* Required action *
Only one stretch of the data should be retyped: the lines from the line containing "RadioTour à Nancy : voici le programme" through the line containing "On-demand courier Dharmapuri". Keep pictures out of it.

* Supplied material *
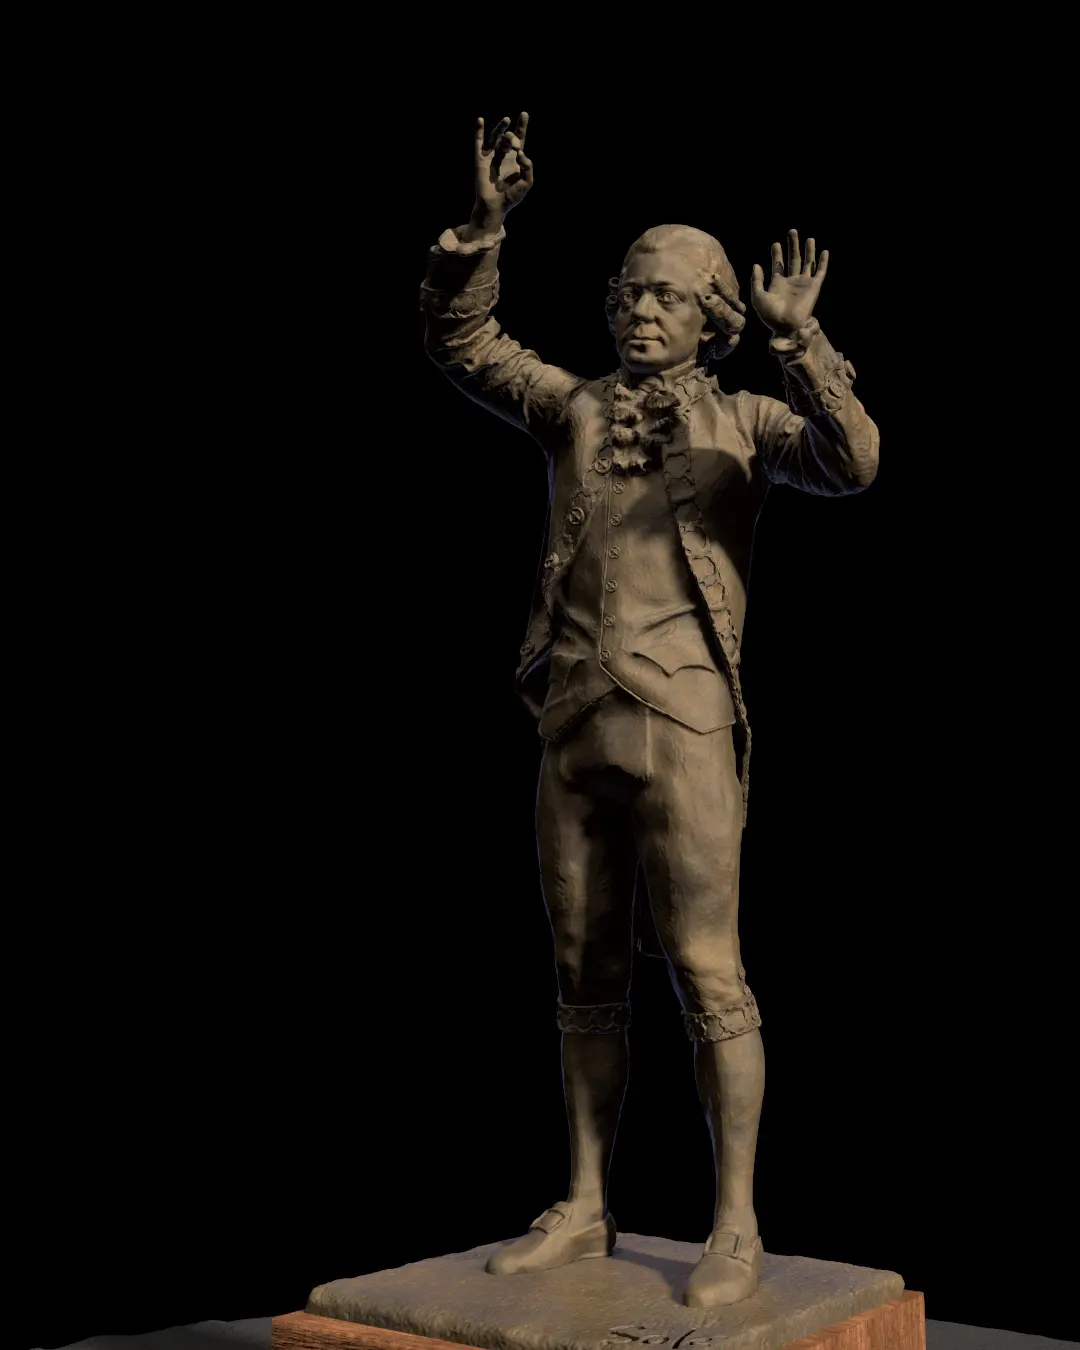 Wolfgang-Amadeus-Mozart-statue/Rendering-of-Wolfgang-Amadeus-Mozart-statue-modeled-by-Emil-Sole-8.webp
--
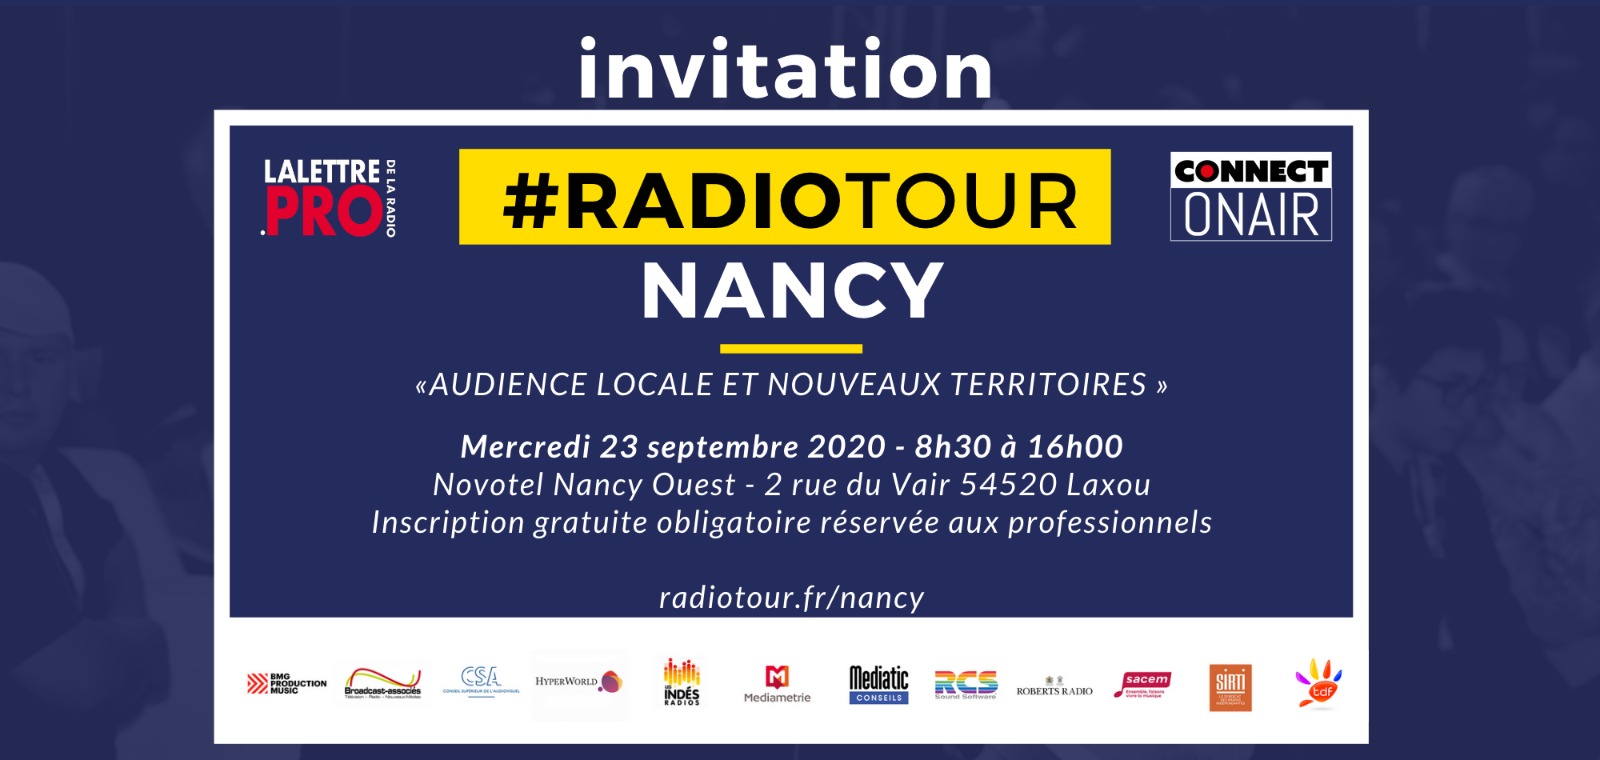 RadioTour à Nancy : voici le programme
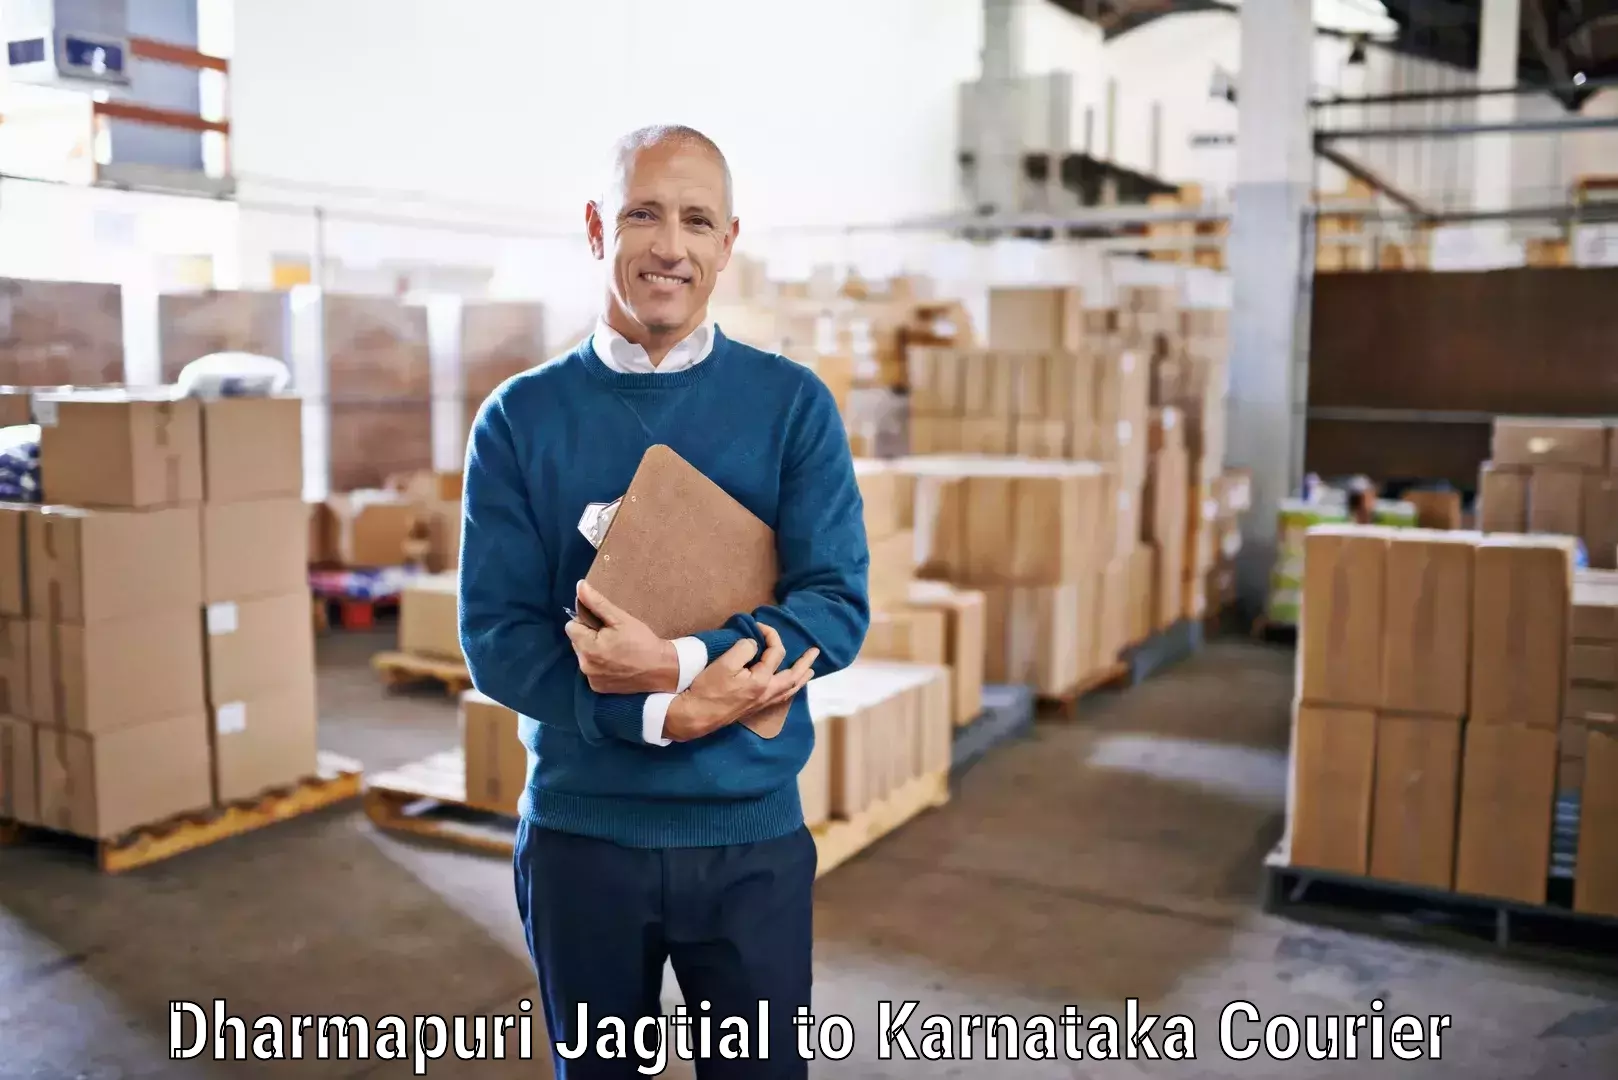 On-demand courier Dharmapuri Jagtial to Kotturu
==
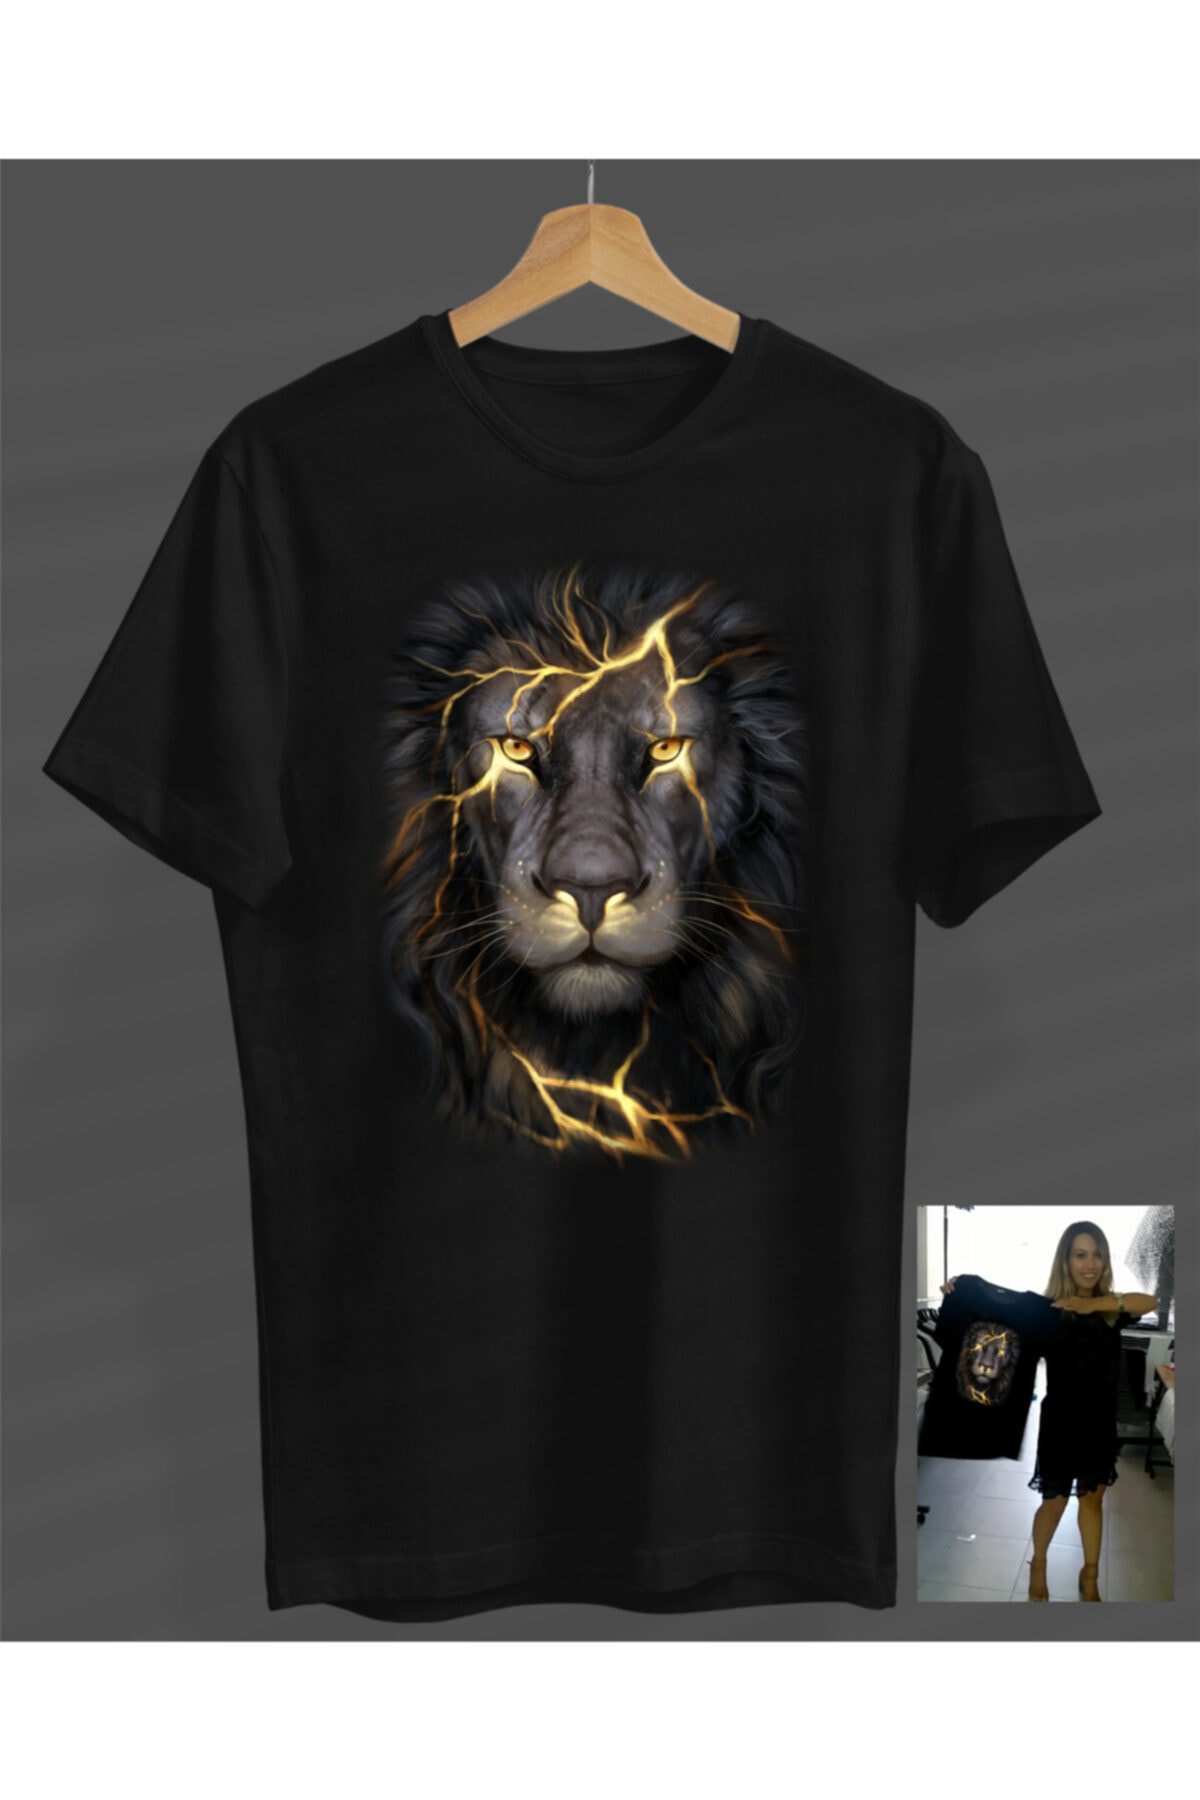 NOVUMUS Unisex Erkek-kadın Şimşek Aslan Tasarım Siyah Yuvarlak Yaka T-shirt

* Solution *
 RadioTour à Nancy : voici le programme
 On-demand courier Dharmapuri Jagtial to Kotturu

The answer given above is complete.